The CECOT facility covers 23 ha and the Salvadoran government oversees the surrounding 140 ha around the prison. It is located in the district of Tecoluca in a remote area of the San Vicente Department at the base of the San Vicente volcano. CECOT has the capacity for 40,000 inmates in eight cell blocks; cell space covers 6 acre for an average of 0.6 sqm of space per prisoner. In April 2025, Bukele stated that he intended to double CECOT's capacity to 80,000 inmates. The prison is surrounded by 19 guard towers, two sets of 9 m and 60 cm walls, topped with barbed wire, two sets of electrified fences, and gravel flooring designed to make footsteps audible.

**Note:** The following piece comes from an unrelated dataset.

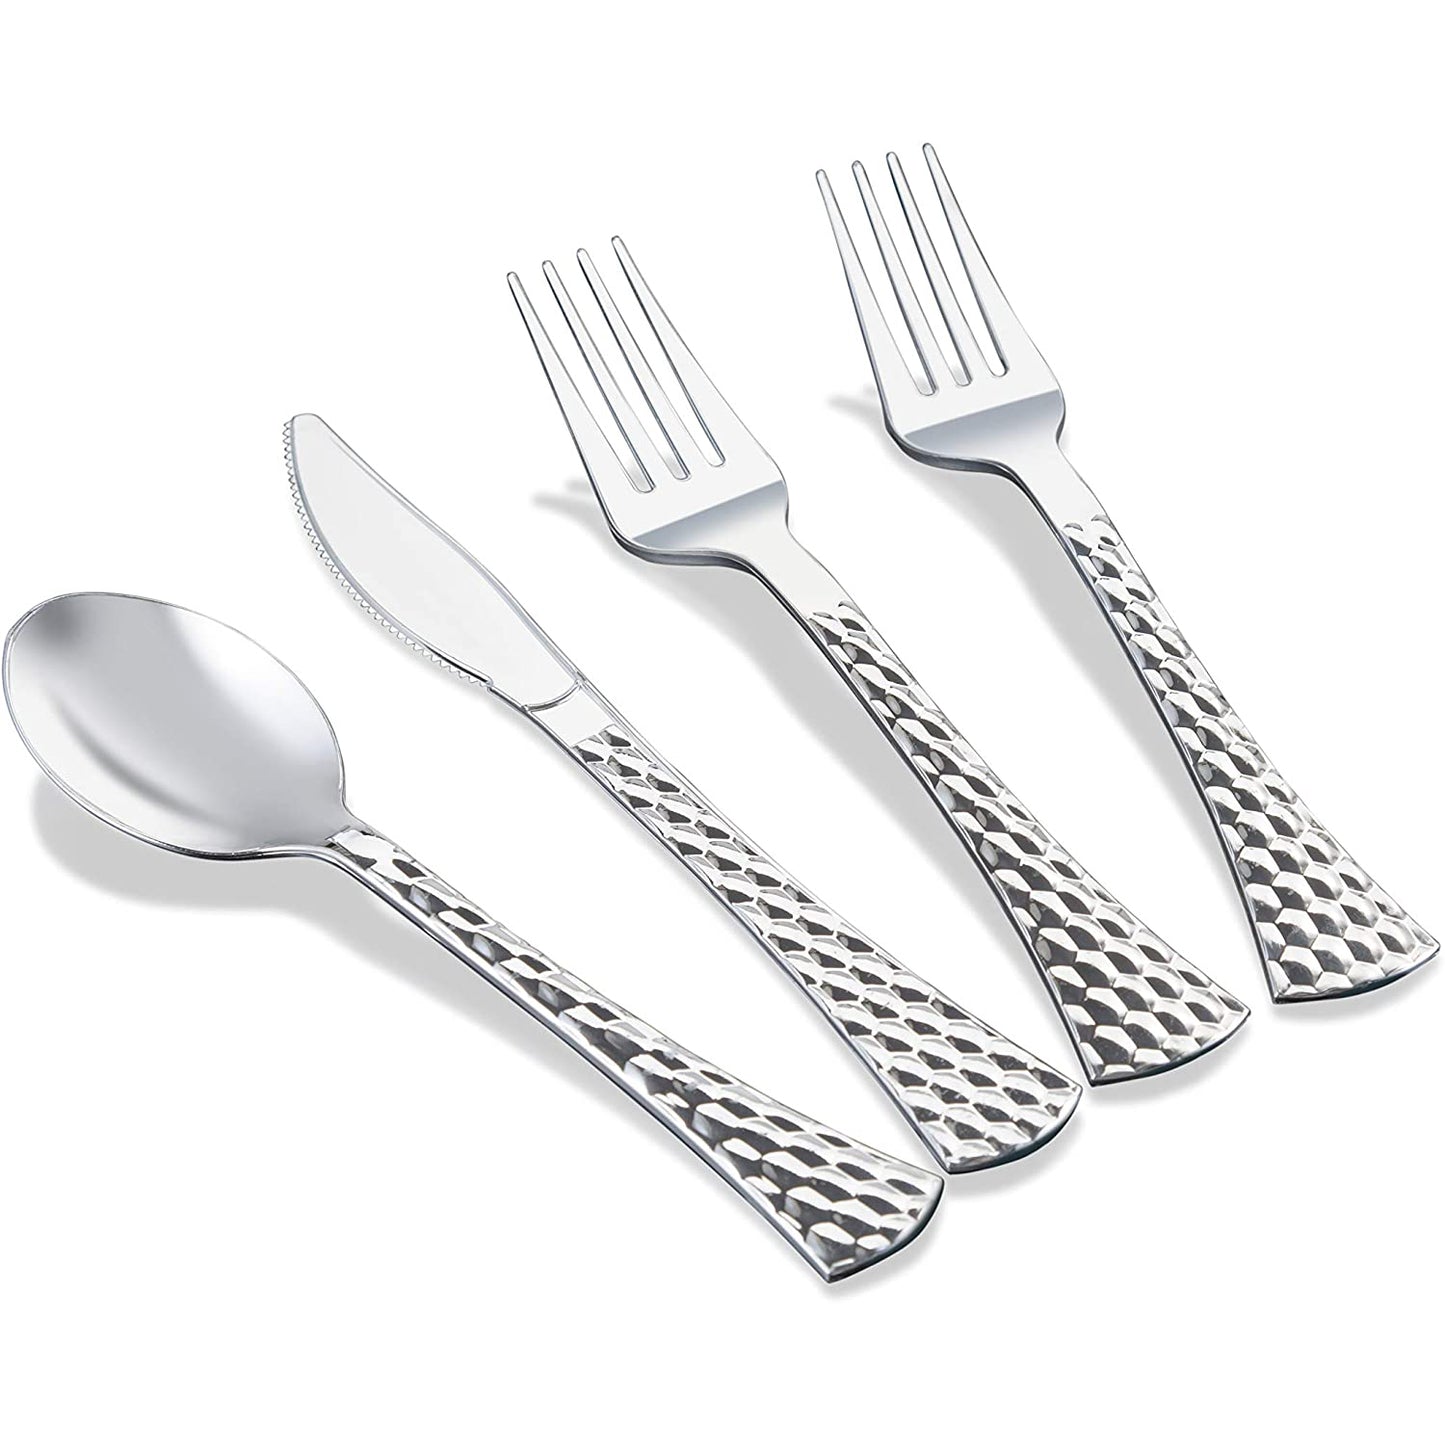 Glamour Collection Extra Heavyweight Disposable Knives Silver Tablesettings Decorline

Each of the 256 cells can house an average of 156 inmates. The cells are equipped with four-level metal bunks with no mattresses or sheets, two toilets, and two washbasins. The cells are lit by artificial lights 24 hours per day. Each cell is provided with two Bibles, and CCTV cameras and armed guards monitor each cell. Solitary confinement cells can hold prisoners for up to 15 days and are only furnished with a concrete bed, a toilet, and a washbasin. The solitary cells only have one small hole in the ceiling that allows some light inside.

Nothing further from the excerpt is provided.